Thanks gkontos and wblock for the replies.

@wblock I guess I could leave the windows box out of the equation by dumping to a USB stick and installing the new SSD in the NAS and restoring from the stick and booting from another stick or CD?


----------



## wblock@ (Dec 27, 2011)

JornZ said:
			
		

> Thanks gkontos and wblock for the replies.
> 
> @wblock I guess I could leave the windows box out of the equation by dumping to a USB stick and installing the new SSD in the NAS and restoring from the stick and booting from another stick or CD?
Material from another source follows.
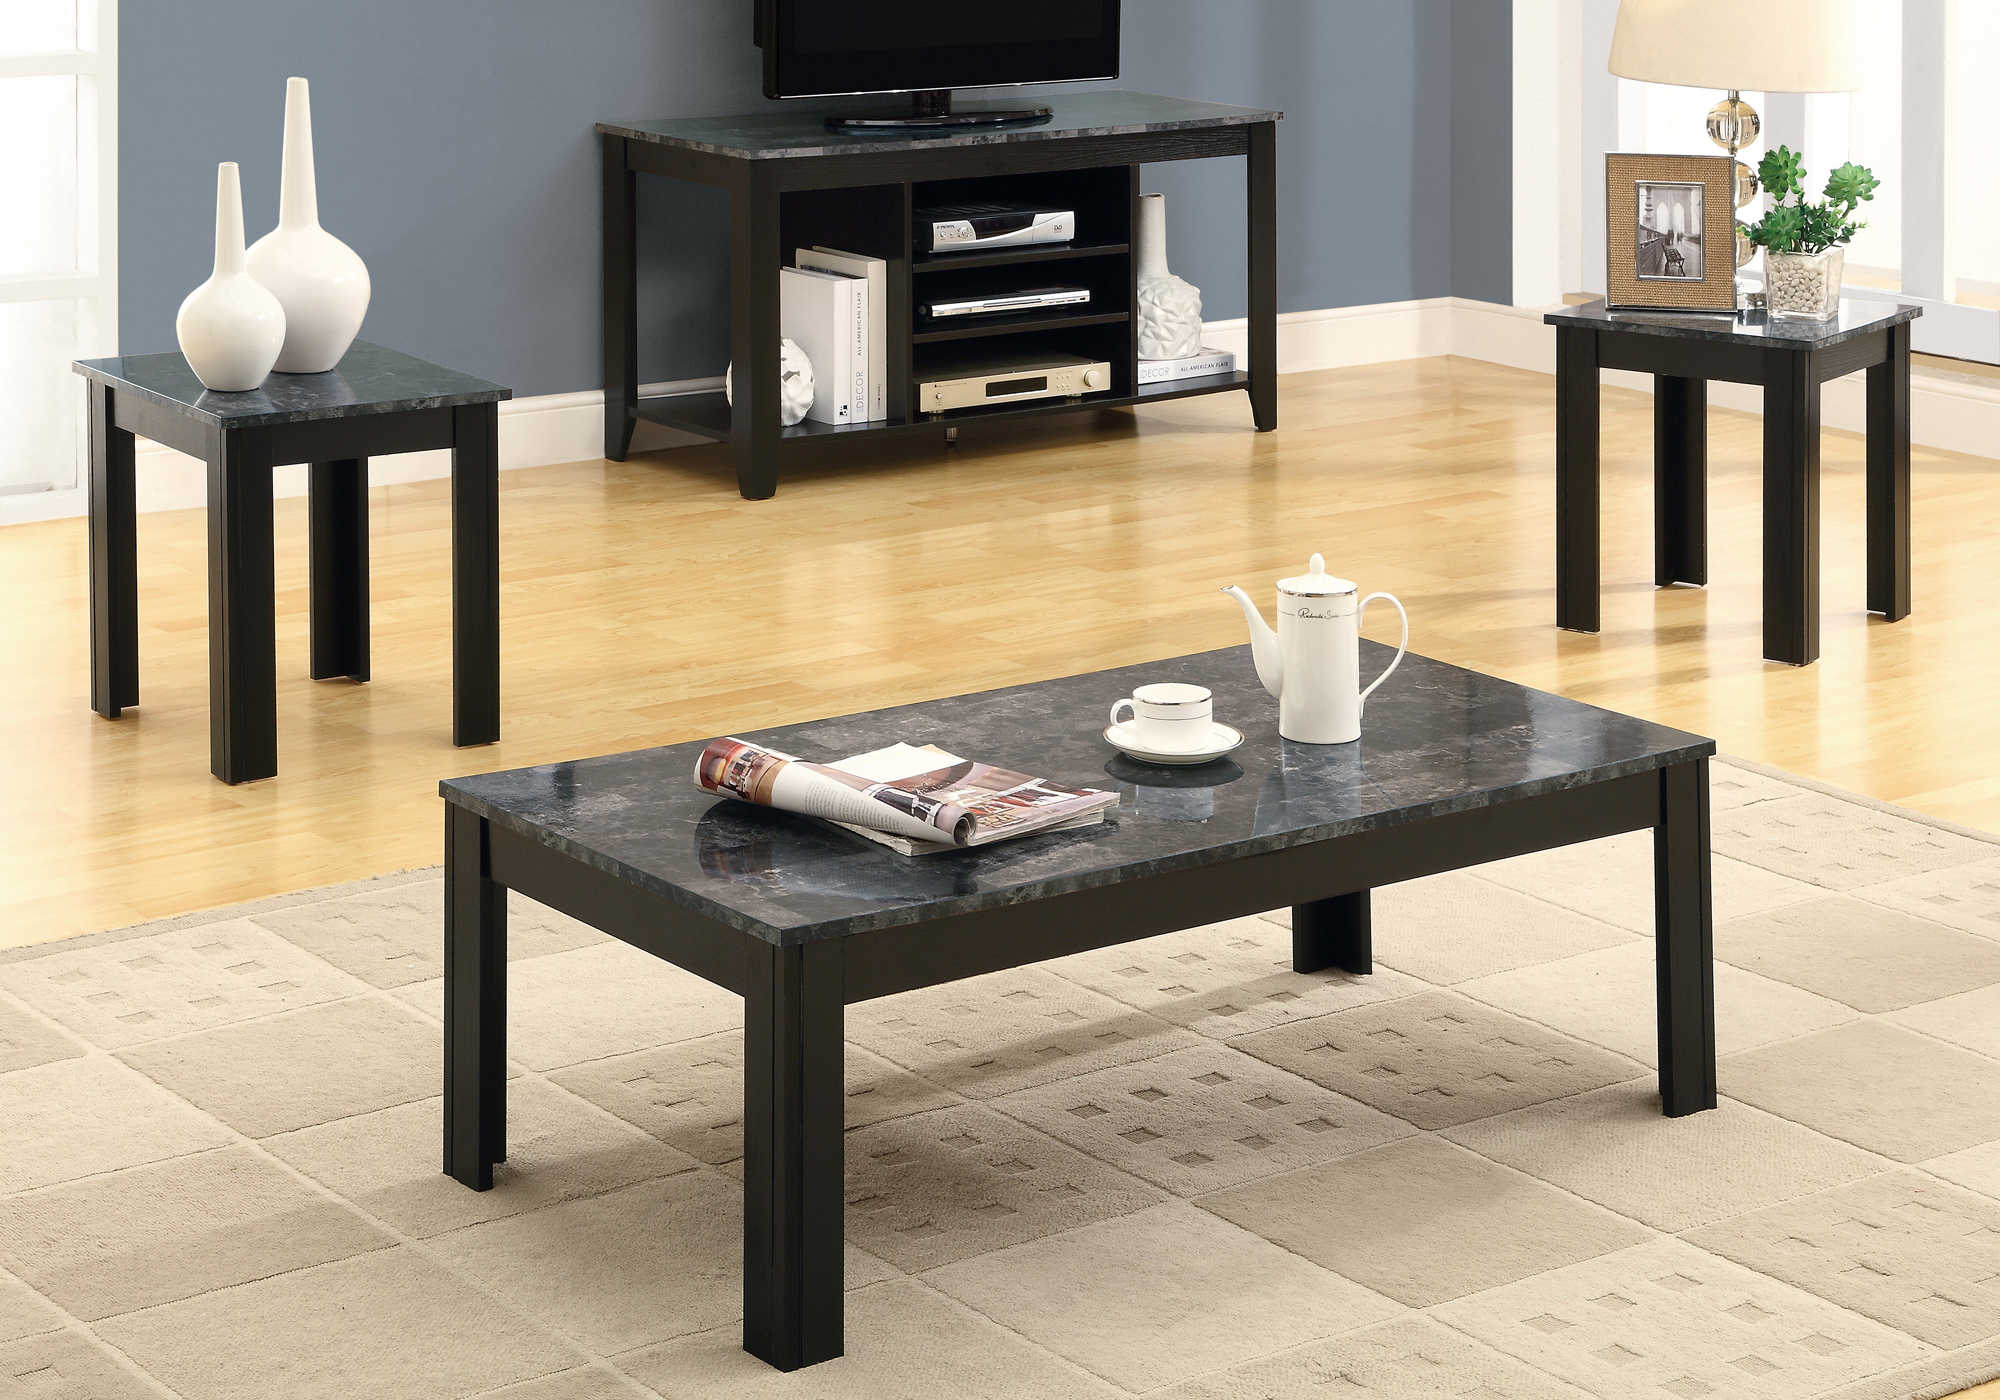 TABLE SET - 3PCS SET / BLACK / GREY MARBLE-LOOK TOP
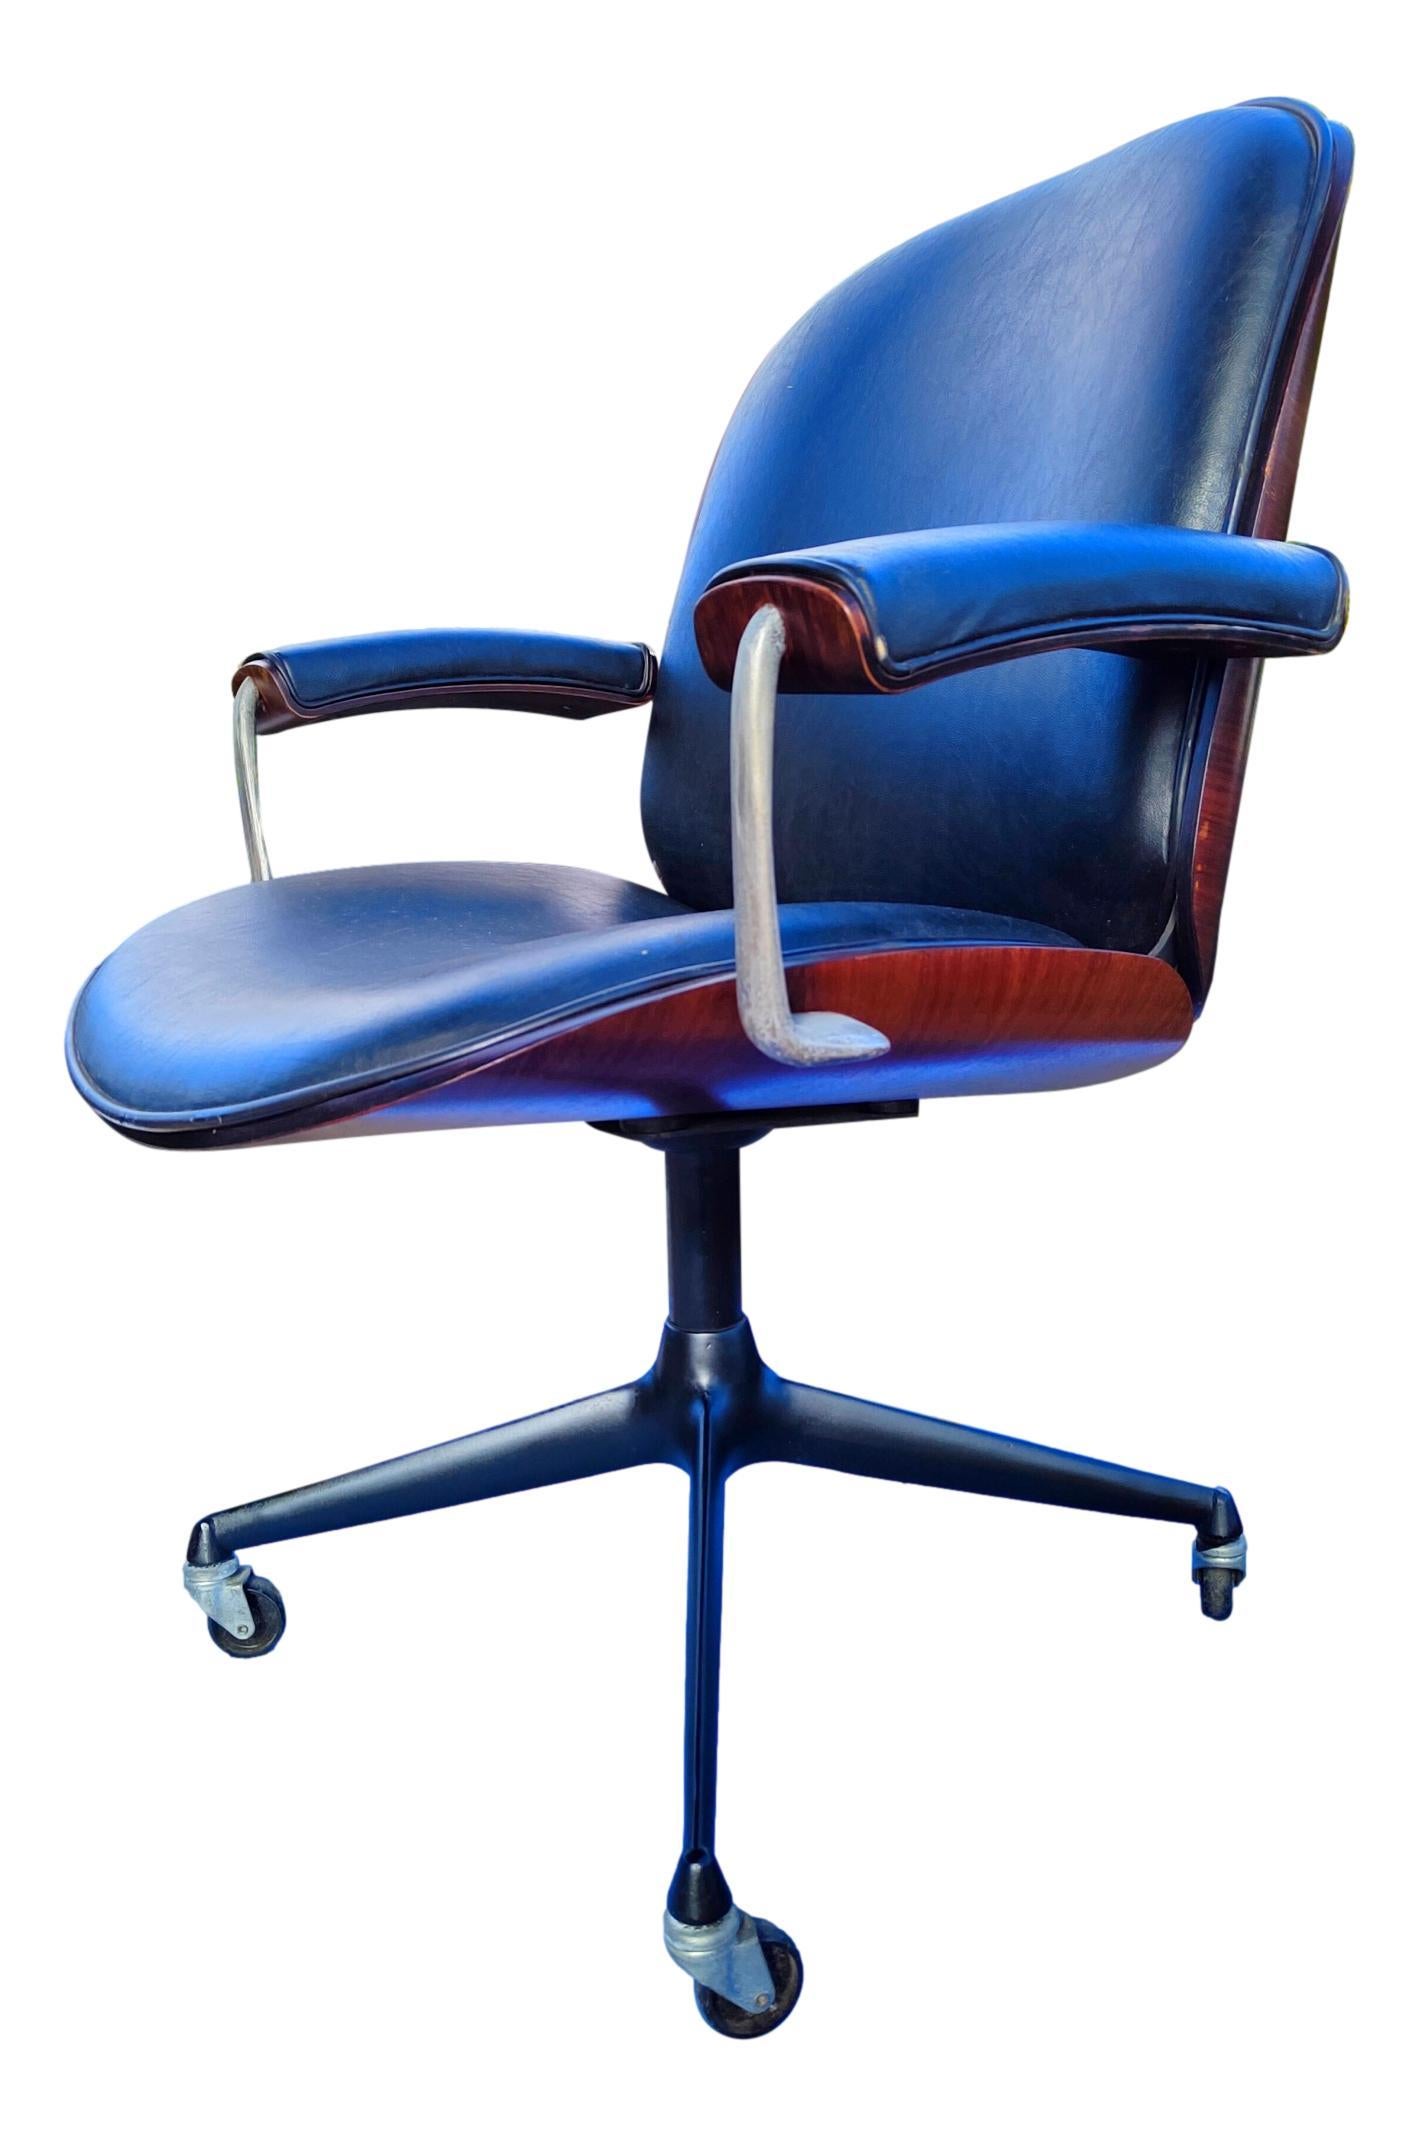 Italian Desk Office Chair Design Ico Parisi for Mim Roma 1960

Yes, that should work.  Or even attach the new SSD to the old system, partition and format it, and use dump/restore to copy the filesystems directly.  That always makes me a little nervous because it's a little too easy to format the wrong disk.


----------



## JornZ (Dec 27, 2011)

@wblock@ I can't add the new drive to the NAS unfortunately, there are no free SATA ports (see the OP).

I just wanted to report my succes and share the problems I encountered, it might help others at some point.

I started by dumping the filesystems (root, var and usr) to a USB stick and to the raidz pool with some help of this guide: http://forums.freebsd.org/showthread.php?t=185. The stick died one me and I didn't have another USB stick big enough, so I had to use the raidz pool dumps now.

Used a USB image of FreeBSD 8.1 to create a bootable stick

Exported the raidz pool [CMD="zpool export tank"][/CMD]

Switched the old SSD for the new one

Booted from the USB image

Made a slice and partitions using fdisk and the disklabel tool from sysinstall and set the disk as bootable

Then chose the fixit option to get a shell

I wanted to import the raidz pool but this failed as the zfs module wasn't loaded. I got that up by some linking and kldload:
[CMD="Fixit# ln -s /dist/boot/kernel /boot/kernel
Fixit# ls -s /dist/lib /lib
Fixit# kldload zfs"][/CMD]
Also mentioned in this thread: http://forums.freebsd.org/showthread.php?t=17560

Restored root, var and usr from the dump files in the pool using the earlier mentioned guide. Got a bunch of errors. Then I remembered I dumped from live filesystems r), probably should have used single user mode!

Rebooted and didn't work, had to set the proper boot drive in the bios since it just picked another after having removed the old SSD (doh!)

Works properly sofar even though I had made dumps from live filesystems (not much was going on, just seeding some torrents). If I get anything really weird, I still have the old drive so I could go through the process again I guess and dump from single user mode...


----------



## wblock@ (Dec 28, 2011)

Unless it gives errors while running, dumping again from single-user is not necessary.  Do use -L when dumping from live filesystems in the future.


----------



## JornZ (Dec 28, 2011)

wblock@ said:
			
		

> Unless it gives errors while running, dumping again from single-user is not necessary.  Do use -L when dumping from live filesystems in the future.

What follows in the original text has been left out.